Tolerant Or Intolerant?

Romans 12:9-21

Only a wise, strong love can face evil without fear or fainting, and do the right and most helpful thing
at the right time in the right spirit for all concerned.
Only real love can save us from a spineless tolerance and an equally, cruel tolerance.
There is a blessed intolerance, just as there is an equally blessed tolerance,
made possible by the generous, but unflinching demands of a Christ-like giving love.

It is love meeting people without blinking, or bowing and scraping, or running, or giving up,
or becoming a doormat for other's feet, or doing any other merely passive thing
which is so often identified with Jesus' injunction to "love your enemies." (Matthew 5:44)

Here is the one most frequent misunderstanding of the place and attitude of a Christ-like love.
That Jesus did not mean by these words that one merely "gives up"
in face of evil deeds is obvious from His own life.
When Jesus upset the tables of the money-changers in the temple and drove out those
who made of God's house of prayer "a den of thieves," He was certainly not giving up to evil.

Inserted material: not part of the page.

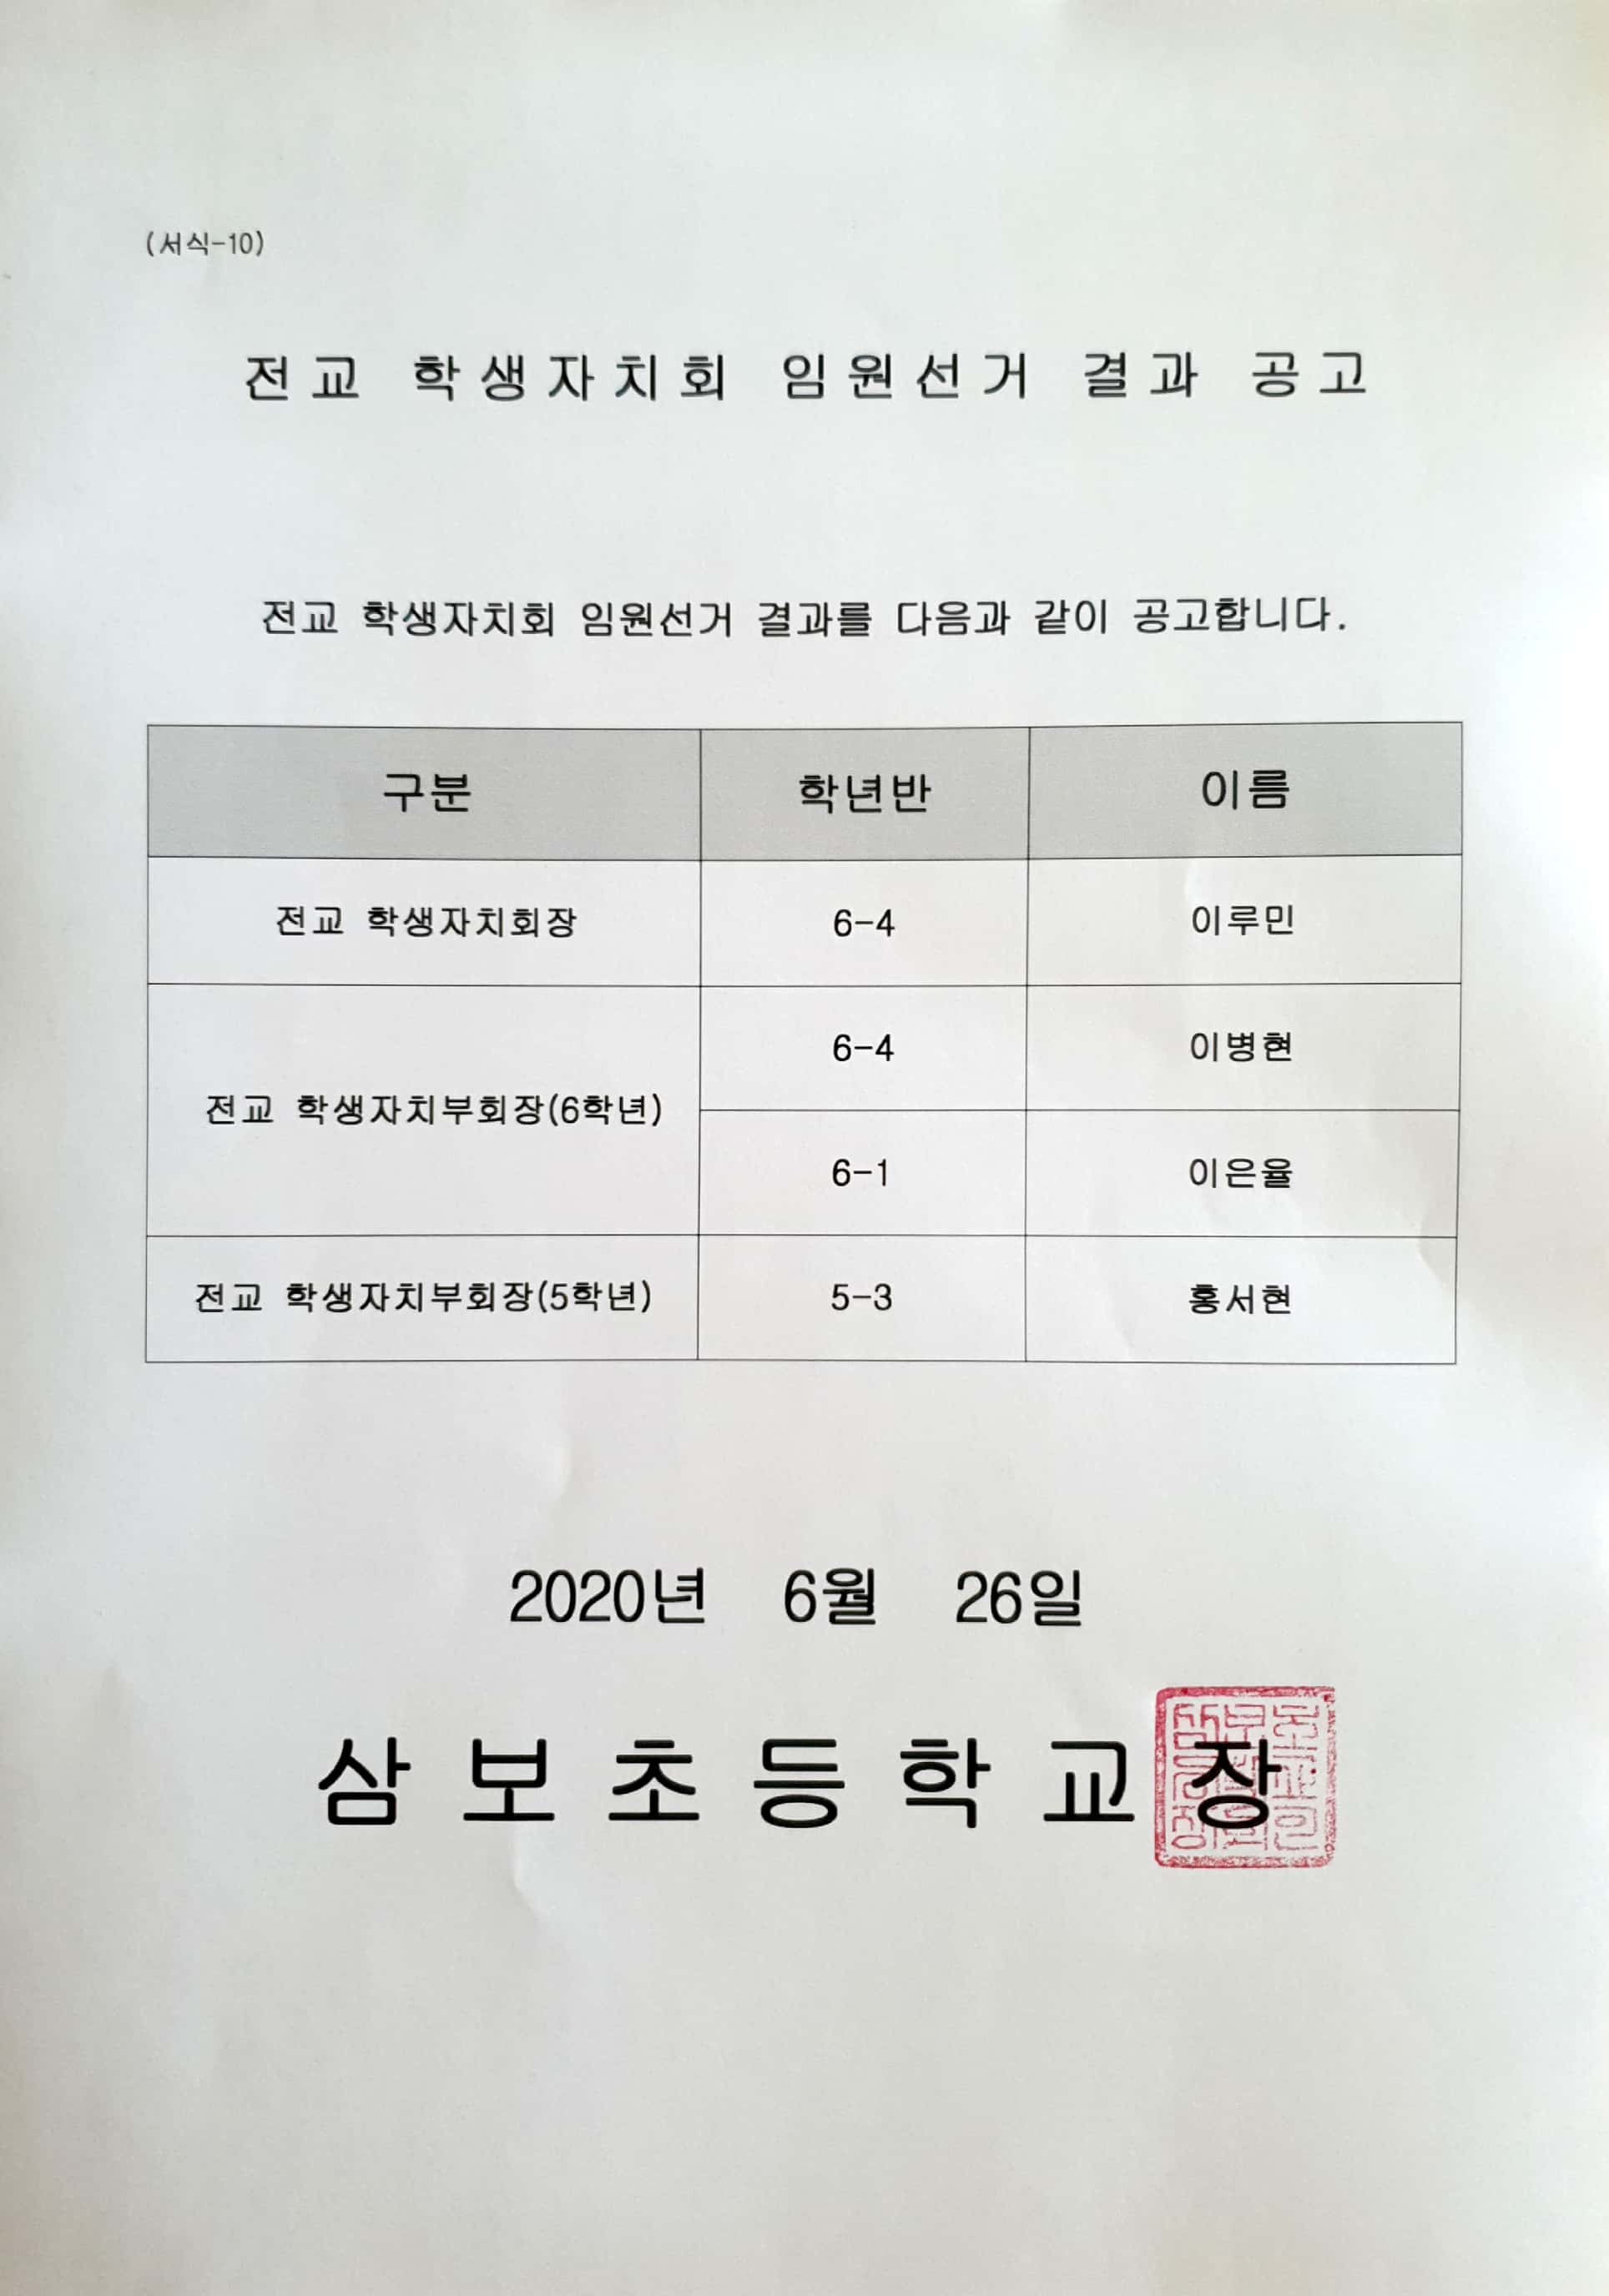 (서식-10)전교 학생자치회 임원선거 결과 공고

And when Jesus died on a cross between two thieves, the innocent suffering with the guilty,
He was not yielding himself in meek subjection.

In His encounters with evil, something of infinite good always came.
And if we learn to love others as Christ also loves us, our encounters with evil will be positive
– we will do the most creative thing that can be done under the circumstances.

Paul's words to the Romans summarizes this possibility.
"Let love be genuine; hate what is evil, hold fast to what is good…
Bless those who persecute you; bless and do not curse them…
Repay no one evil for evil, but take thought for what is noble in the sight of all.
If possible, so far as it depends upon you, live peaceably with all…
Do not be overcome by evil, but overcome evil with good
." (12:9-21)

This is the very opposite of being a passive, spineless giving over to evil.
Indeed we are to hate the evil, and do all we can to destroy it.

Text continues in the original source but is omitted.